Хеннинг Манкелль - Пятая женщина
Всю неделю до похорон Валландер спал плохо. Однако коллеги не заметили в нем никаких перемен. Они выразили ему соболезнование, он поблагодарил. И сразу включился в работу. Лиза Хольгерсон, улучив момент, отвела его в коридоре в сторону и предложила взять отгул. Валландер отказался. Работа отвлекала от грустных мыслей.
Правда, то ли потому, что Валландер не мог уделять достаточно времени расследованию, то ли еще по какой причине, но всю неделю до похорон дела шли довольно медленно. Не говоря уже о том, что им одновременно приходилось заниматься розыском Ёсты Рунфельдта. Никто не мог понять, в чем дело. Казалось, он просто растворился в воздухе. Теперь уже никто не сомневался, что Рунфельдт пропал не по своей воле. С другой стороны, никаких доказательств связи между его исчезновением и убийством Хольгера Эриксона у них пока тоже не было. Пожалуй, единственное, что в отношении Рунфельдта могло считаться доказанным, это его страсть к орхидеям.
— Нужно узнать, как утонула его жена, — сказал Валландер на одном из совещаний, проходивших в эти нелегкие для него дни. Анн-Бритт пообещала поднять старые материалы.

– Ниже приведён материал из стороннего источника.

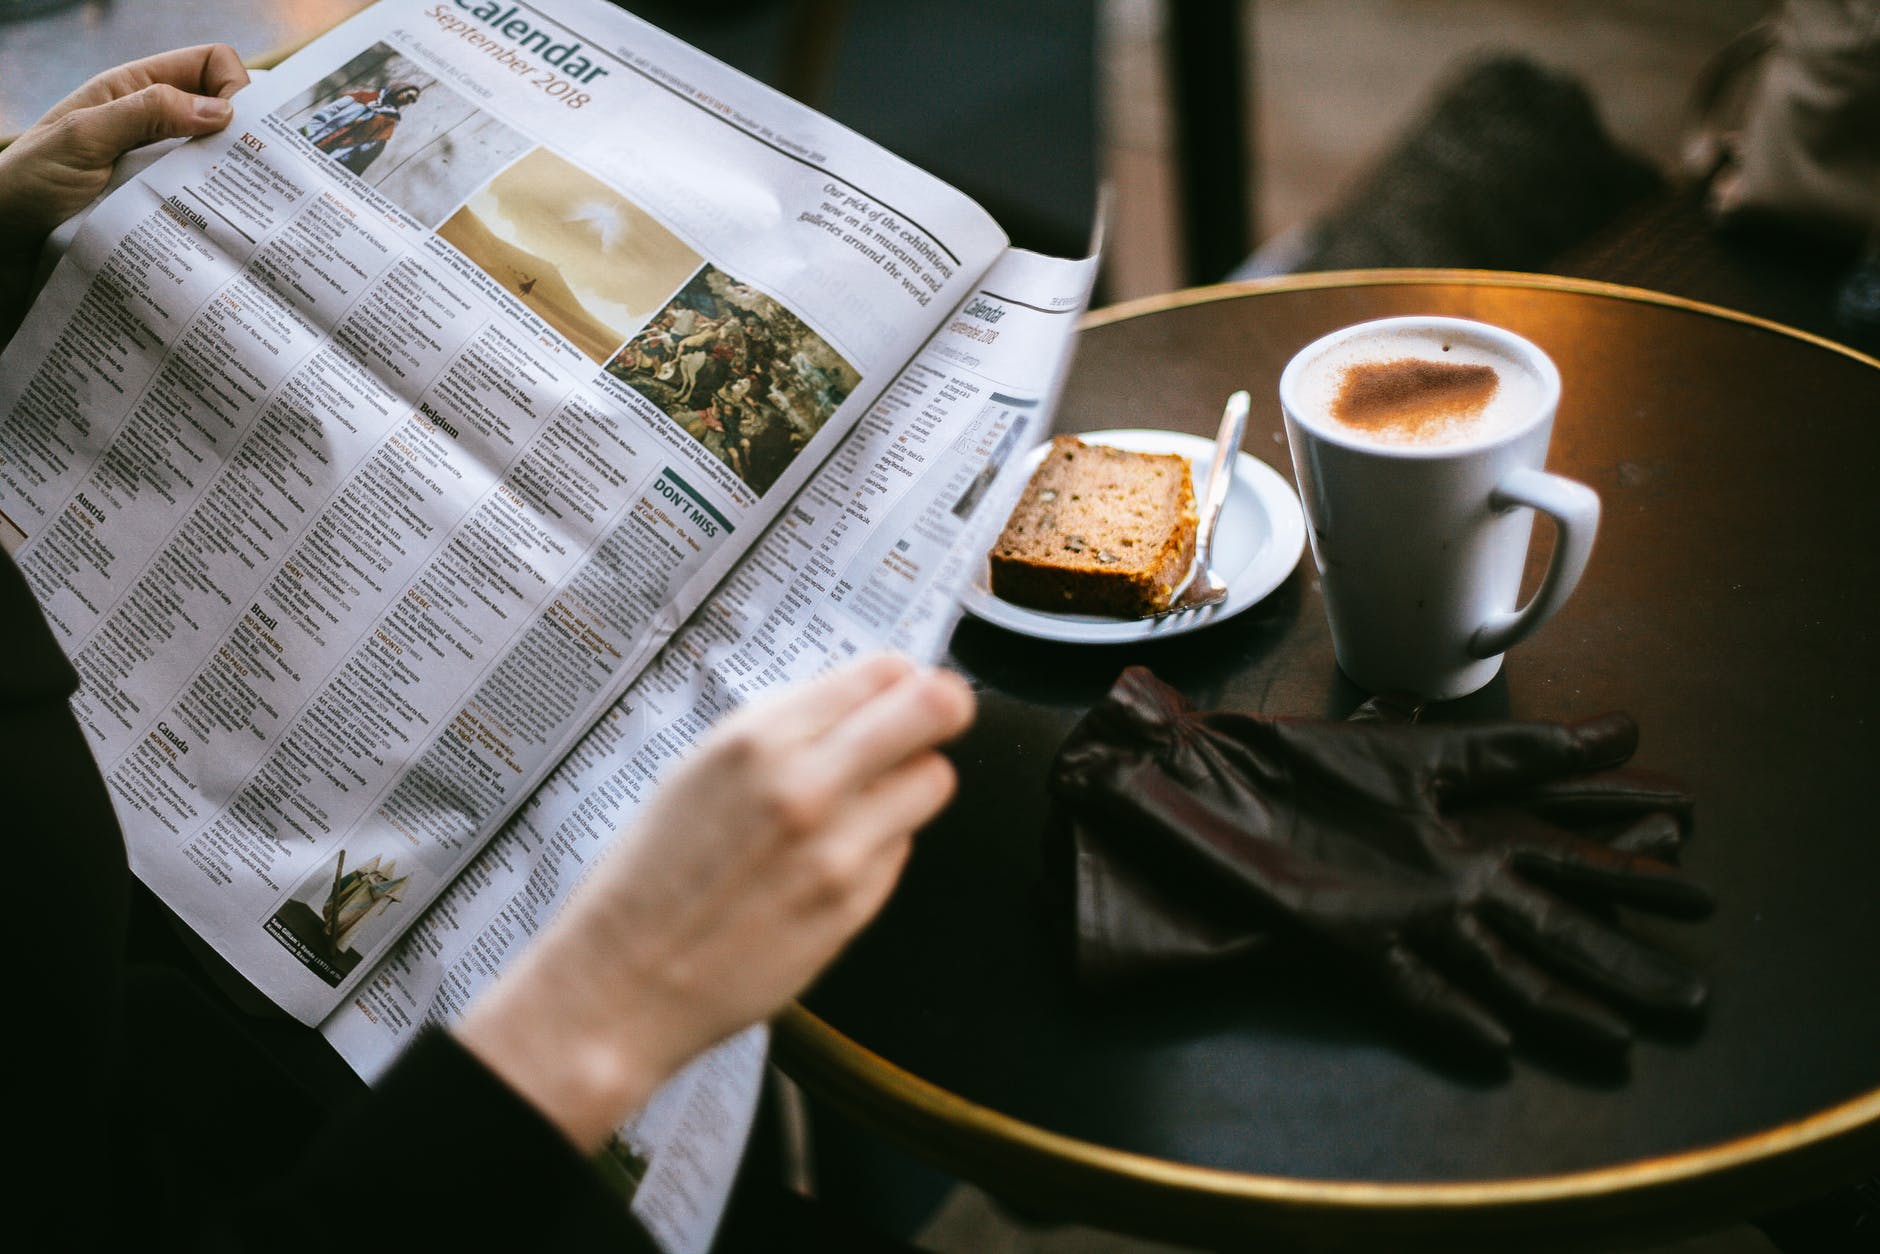 Morning papers | Source: Pexels
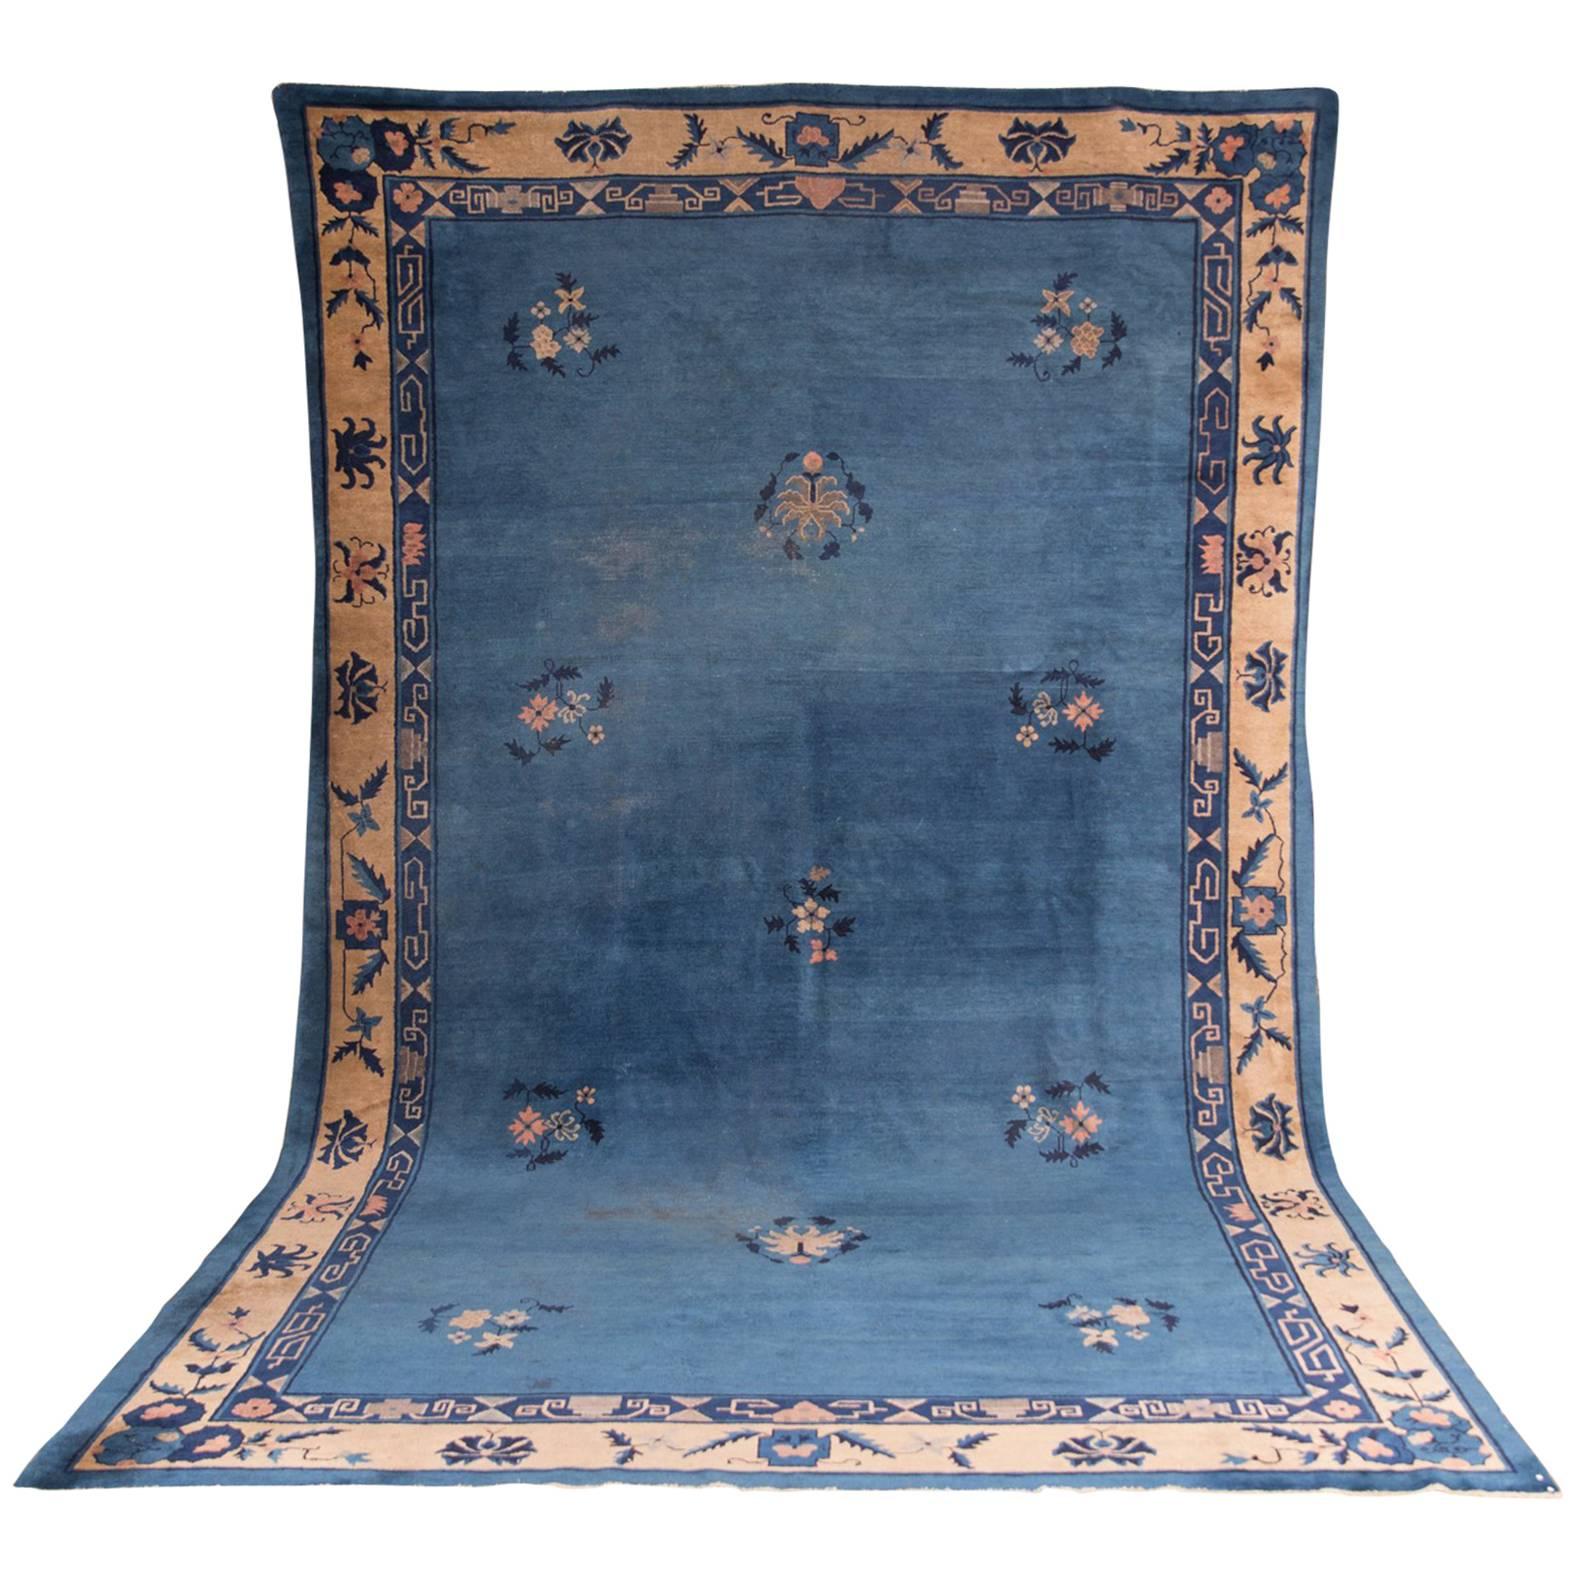 19th Century Large Antique Chinese Carpet Rug in Blue

— А буросская фирма? — спросил затем Валландер. — Есть какие-нибудь новости? Что говорит местная полиция?
— Они сразу поняли, о ком идет речь, — сказал Сведберг. — Оказывается, эта фирма уже не первый раз попадается на незаконном импорте прослушивающей аппаратуры. По данным полиции, она то исчезает, то появляется снова, причем под новым названием и по новому адресу. Периодически меняет владельца. Судя по всему, полиция уже наведалась туда. Остается ждать письменного сообщения.
— Для нас главное — узнать, покупал ли Ёста Рунфельдт у них что-нибудь и раньше, — сказал Валландер. — Остальное — пока не наше дело.
— Похоже, они заносили в регистры не всех клиентов. Но, насколько я понял, в помещении фирмы найдено запрещенное и очень сложное оборудование. А, если все так, то Рунфельдт может оказаться, ни много ни мало, шпионом.
Валландер помолчал, обдумывая слова Сведберга.
— Почему бы и нет, — сказал он наконец. — Мы не можем этого исключить. Зачем-то ему понадобилась эта аппаратура.
Итак, розыском Ёсты Рунфельдта уже занимались всерьез. Одновременно искали тех или того, кто убил Хольгера Эриксона. Поиски Харальда Бергрена пока не увенчались успехом. Из стокгольмского музея сообщили, что голова, найденная вместе с дневником в сейфе Хольгера Эриксона, принадлежит человеку, скорее всего жителю Конго или, как его сейчас называют, Заира. Здесь все совпадало. Но кто такой Харальд Бергрен? Опросили многих, знавших Хольгера Эриксона в разные периоды жизни. Но никто о Харальде Бергрене не слышал. Так же, как никто и никогда не слышал, чтобы у Хольгера Эриксона были контакты с наемниками, с этим особым типом людей, которые, боясь дневного света, как крысы, предпочитают выходить в темноте, готовые продать душу слугам дьявола. Но тут Валландеру пришла в голову новая мысль, и колесо расследования опять стало набирать обороты.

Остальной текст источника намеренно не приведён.